Careful analyses on salinity budgets in the ocean mixed layer have connected the salinity changes with both ocean dynamic process (advection, diffusion etc.) and fresh water flux forcing [15,16,17,18]. The long-term ocean salinity change is dominated by the freshwater flux over the sea surface [9,15]. Observational consistency between long-term ocean salinity trends and surface freshwater flux patterns [19,20] provides key evidence for the intensification of the global hydrological cycle [21,22,23]. On a multi-decadal scale, the halosteric effect contributes to maintaining the thermohaline circulation; hence, its change in the Atlantic Ocean has been long monitored and discussed [2,9,19,20,24,25]. All of these studies suggest that HSLA experienced a non-negligible long-term change. However, rate of long-term HSLA and to what extent it contributes to SSLA is still unclear.

The distribution of salinity in the oceans and adjacent seas varies geographically and with time.
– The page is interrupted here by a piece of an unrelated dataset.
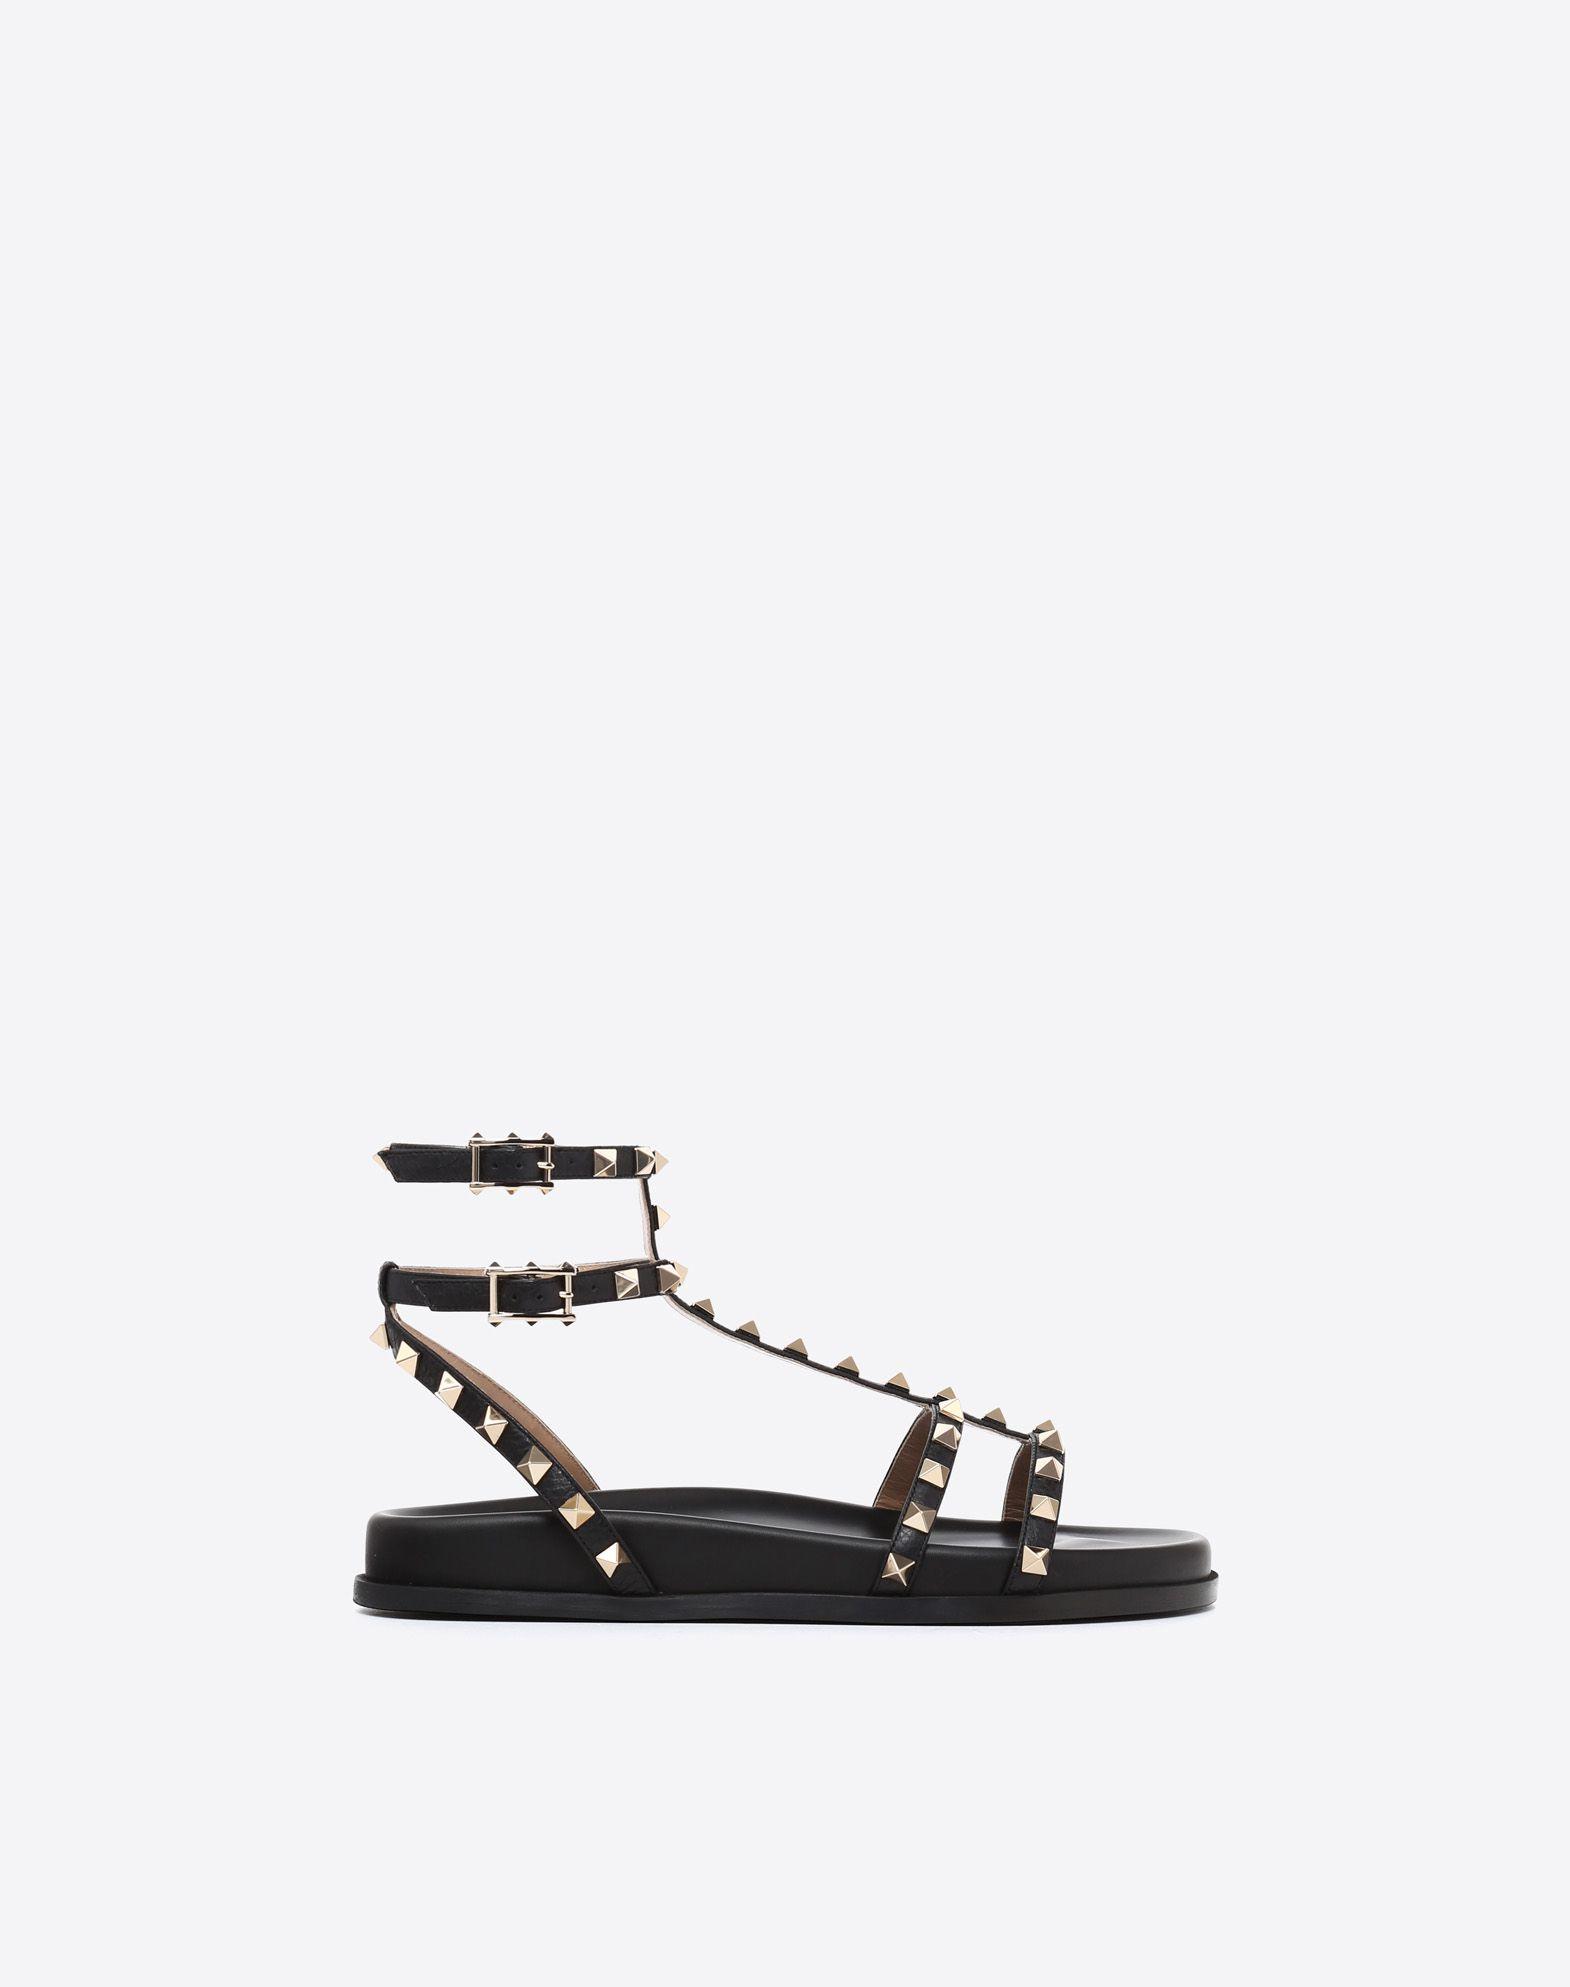 VALENTINO GARAVANI Rockstud Low Sandal Sandal D f

Salinity is changed near the sea surface by freshwater flux (evaporation minus precipitation, E-P), salt exclusion associated with sea ice formation, and water input by river runoff [26]. Geographical variations in inputs create regional differences in salinity at the sea surface. Ocean dynamic processes (such as advection, mixing, and diffusion, etc.) carry these differences along, creating large-scale salinity patterns throughout the ocean. On inter-annual scales, ocean salinity is affected by both freshwater flux and ocean circulation variations, which are closely linked to typical interannual variabilities, such as El Niño-Southern Oscillation (ENSO) [14,27,28]. Specifically, Llovel and Lee (2015) highlighted the importance of salinity in positive SSLA in the southeast tropical Indian Ocean during 2005–2013, and provided a hypothetical explanation that an enhanced precipitation in the Maritime Continent region and the observed strengthening of the Indonesian Through Flow (ITF) may account for its origin [29].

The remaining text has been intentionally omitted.